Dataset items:
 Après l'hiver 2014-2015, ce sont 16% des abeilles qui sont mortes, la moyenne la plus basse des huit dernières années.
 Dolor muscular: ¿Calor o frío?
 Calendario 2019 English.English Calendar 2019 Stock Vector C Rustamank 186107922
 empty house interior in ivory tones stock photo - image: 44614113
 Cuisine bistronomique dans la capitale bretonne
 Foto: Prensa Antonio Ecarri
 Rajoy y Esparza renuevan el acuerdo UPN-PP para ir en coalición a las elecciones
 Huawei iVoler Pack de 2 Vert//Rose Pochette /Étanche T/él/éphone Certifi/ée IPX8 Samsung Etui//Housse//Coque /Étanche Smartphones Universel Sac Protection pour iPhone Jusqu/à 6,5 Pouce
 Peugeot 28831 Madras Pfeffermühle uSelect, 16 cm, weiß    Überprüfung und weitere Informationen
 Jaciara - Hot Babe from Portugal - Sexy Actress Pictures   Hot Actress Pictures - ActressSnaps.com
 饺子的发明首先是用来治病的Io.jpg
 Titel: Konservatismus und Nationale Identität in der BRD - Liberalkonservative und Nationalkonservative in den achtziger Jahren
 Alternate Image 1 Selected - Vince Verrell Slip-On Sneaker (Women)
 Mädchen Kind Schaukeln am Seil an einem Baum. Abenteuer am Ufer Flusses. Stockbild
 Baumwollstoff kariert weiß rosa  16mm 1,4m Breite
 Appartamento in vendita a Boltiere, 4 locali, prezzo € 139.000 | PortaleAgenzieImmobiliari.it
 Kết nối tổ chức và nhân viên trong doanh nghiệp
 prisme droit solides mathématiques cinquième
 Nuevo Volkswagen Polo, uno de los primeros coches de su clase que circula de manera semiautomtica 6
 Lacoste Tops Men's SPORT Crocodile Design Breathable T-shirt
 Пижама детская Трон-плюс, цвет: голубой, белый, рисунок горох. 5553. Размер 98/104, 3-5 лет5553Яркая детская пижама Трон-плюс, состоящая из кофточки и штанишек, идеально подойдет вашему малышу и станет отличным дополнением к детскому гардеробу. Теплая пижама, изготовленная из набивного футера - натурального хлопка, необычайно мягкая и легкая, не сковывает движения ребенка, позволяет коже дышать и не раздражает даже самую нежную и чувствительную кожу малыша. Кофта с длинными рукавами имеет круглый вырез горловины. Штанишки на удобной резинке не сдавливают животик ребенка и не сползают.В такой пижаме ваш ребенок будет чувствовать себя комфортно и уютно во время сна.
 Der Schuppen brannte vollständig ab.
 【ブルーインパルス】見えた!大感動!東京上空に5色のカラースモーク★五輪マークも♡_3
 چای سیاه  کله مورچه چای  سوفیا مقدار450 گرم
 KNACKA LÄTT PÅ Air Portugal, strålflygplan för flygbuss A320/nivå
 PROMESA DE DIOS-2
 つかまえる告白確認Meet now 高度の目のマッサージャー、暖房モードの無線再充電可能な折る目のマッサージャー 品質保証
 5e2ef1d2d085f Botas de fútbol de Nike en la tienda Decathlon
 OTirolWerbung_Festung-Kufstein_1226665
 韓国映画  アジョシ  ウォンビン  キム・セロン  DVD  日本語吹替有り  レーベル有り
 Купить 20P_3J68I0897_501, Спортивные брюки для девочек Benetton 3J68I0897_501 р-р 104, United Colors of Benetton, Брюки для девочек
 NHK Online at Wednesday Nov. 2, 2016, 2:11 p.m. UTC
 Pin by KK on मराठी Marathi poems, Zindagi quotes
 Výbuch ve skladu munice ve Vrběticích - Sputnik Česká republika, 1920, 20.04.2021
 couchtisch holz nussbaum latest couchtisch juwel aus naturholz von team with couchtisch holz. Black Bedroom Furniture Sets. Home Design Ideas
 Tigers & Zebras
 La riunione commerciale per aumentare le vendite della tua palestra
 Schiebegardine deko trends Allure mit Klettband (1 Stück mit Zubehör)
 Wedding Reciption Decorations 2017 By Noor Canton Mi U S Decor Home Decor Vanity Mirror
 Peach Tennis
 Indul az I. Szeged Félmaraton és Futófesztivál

— PROBLEM —
When copying the data above, please keep exactly the lines from its first line through the line with "Lacoste Tops Men's", both ends included, and drop the rest.

— WRITTEN RESPONSE —
 Après l'hiver 2014-2015, ce sont 16% des abeilles qui sont mortes, la moyenne la plus basse des huit dernières années.
 Dolor muscular: ¿Calor o frío?
 Calendario 2019 English.English Calendar 2019 Stock Vector C Rustamank 186107922
 empty house interior in ivory tones stock photo - image: 44614113
 Cuisine bistronomique dans la capitale bretonne
 Foto: Prensa Antonio Ecarri
 Rajoy y Esparza renuevan el acuerdo UPN-PP para ir en coalición a las elecciones
 Huawei iVoler Pack de 2 Vert//Rose Pochette /Étanche T/él/éphone Certifi/ée IPX8 Samsung Etui//Housse//Coque /Étanche Smartphones Universel Sac Protection pour iPhone Jusqu/à 6,5 Pouce
 Peugeot 28831 Madras Pfeffermühle uSelect, 16 cm, weiß    Überprüfung und weitere Informationen
 Jaciara - Hot Babe from Portugal - Sexy Actress Pictures   Hot Actress Pictures - ActressSnaps.com
 饺子的发明首先是用来治病的Io.jpg
 Titel: Konservatismus und Nationale Identität in der BRD - Liberalkonservative und Nationalkonservative in den achtziger Jahren
 Alternate Image 1 Selected - Vince Verrell Slip-On Sneaker (Women)
 Mädchen Kind Schaukeln am Seil an einem Baum. Abenteuer am Ufer Flusses. Stockbild
 Baumwollstoff kariert weiß rosa  16mm 1,4m Breite
 Appartamento in vendita a Boltiere, 4 locali, prezzo € 139.000 | PortaleAgenzieImmobiliari.it
 Kết nối tổ chức và nhân viên trong doanh nghiệp
 prisme droit solides mathématiques cinquième
 Nuevo Volkswagen Polo, uno de los primeros coches de su clase que circula de manera semiautomtica 6
 Lacoste Tops Men's SPORT Crocodile Design Breathable T-shirt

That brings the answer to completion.